“You need to make this patient go bye-bye,” a Texas hospice home owner is accused of texting his employee. The CPA who does not have a medical license, is accused of telling medical personnel to administer up to four times the amount of morphine recommended in order to accelerate client deaths and maximize profits.
The NBC affiliate in the Dallas/Fort Worth area reported that the Frisco, Texas, hospice owner allegedly directed nurses to overdose patients. The local affiliate also obtained emails and other electronic documents and search warrant affidavits in their investigation.
Thirty-four-year-old Brad Harris, owner of Novus Health Care Services, Inc., allegedly instructed a nurse to administer overdoses to three patients. He is also alleged to have instructed another employee to administer four times the maximum dose.
An FBI affidavit states that the first employee refused to obey Harris’ directive.
The Novus executive is also accused of telling other health-care executives in a business lunch meeting that his goal was to “find patients who would die within 24 hours.”
He is alleged to have made other statements, for example, “if this f***** would just die,” according to an arrest warrant filled out by an FBI agent obtained by 5NBCDFW.com.
According to the NBCDFW article, hospices are subject to an “aggregator cap” which limits Medicare and Medicaid payments to them.

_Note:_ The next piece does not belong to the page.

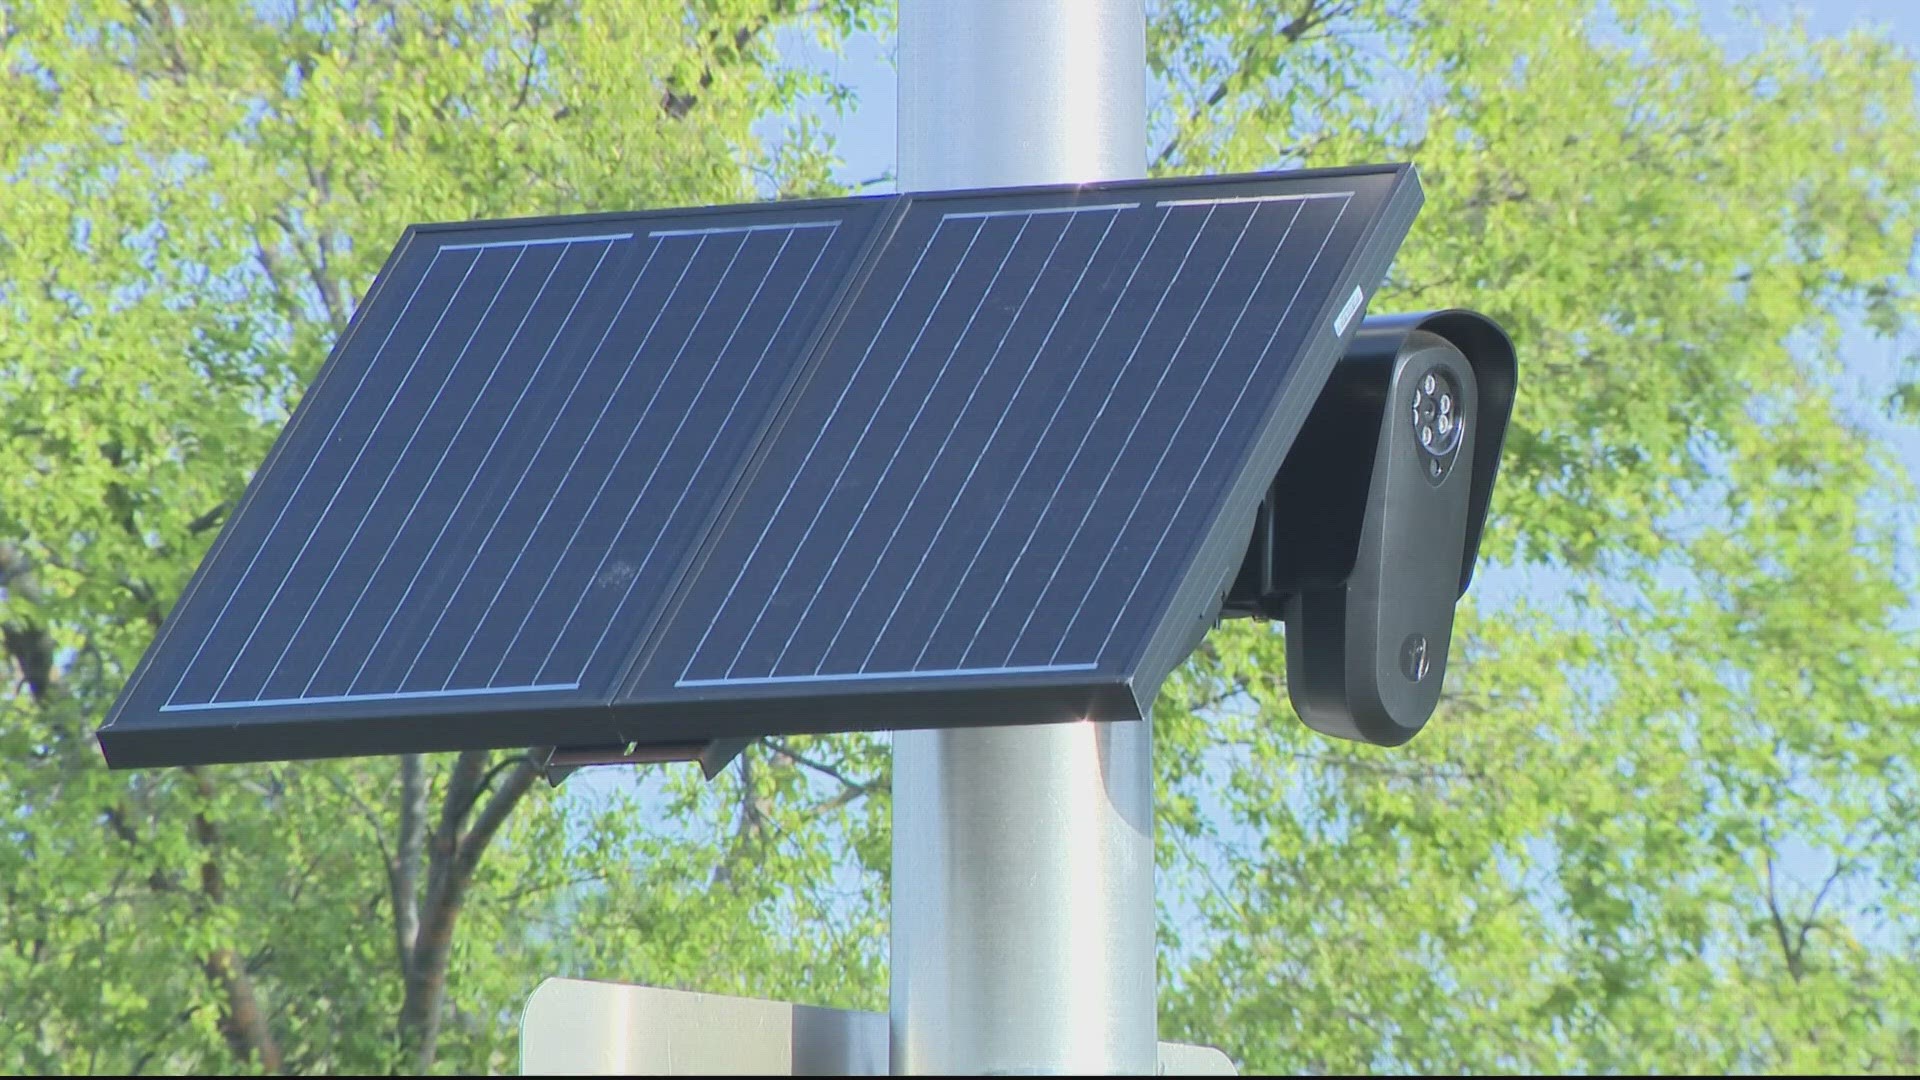 Alexandria Police say this new technology is helping them battle an increase in recent crime in the city.

The payments are based on the yearly average hospice stay and hospices can be forced to repay the government some of the payments they received.
The agent wrote in his affidavit, “Hence, hospice providers have an incentive to enroll patients whose hospice stays will be short relative to the gap.”
It was reported that the FBI started investigating the company in October of 2014. Initial investigations were centered on whether Novus took patients “who did not qualify for services” and billed the federal government for services that were not necessary medically.
The investigation is being conducted by the FBI working with the Inspector General’s office of the Texas Department of Health and Human Services.
The website for the business at www.novushs.com contains a heading, in bold letters, that states:
Personal Care for Hospice and Home Health: Treating Patients The Way They Want To Be Treated
There have been no arrests or indictments in the case.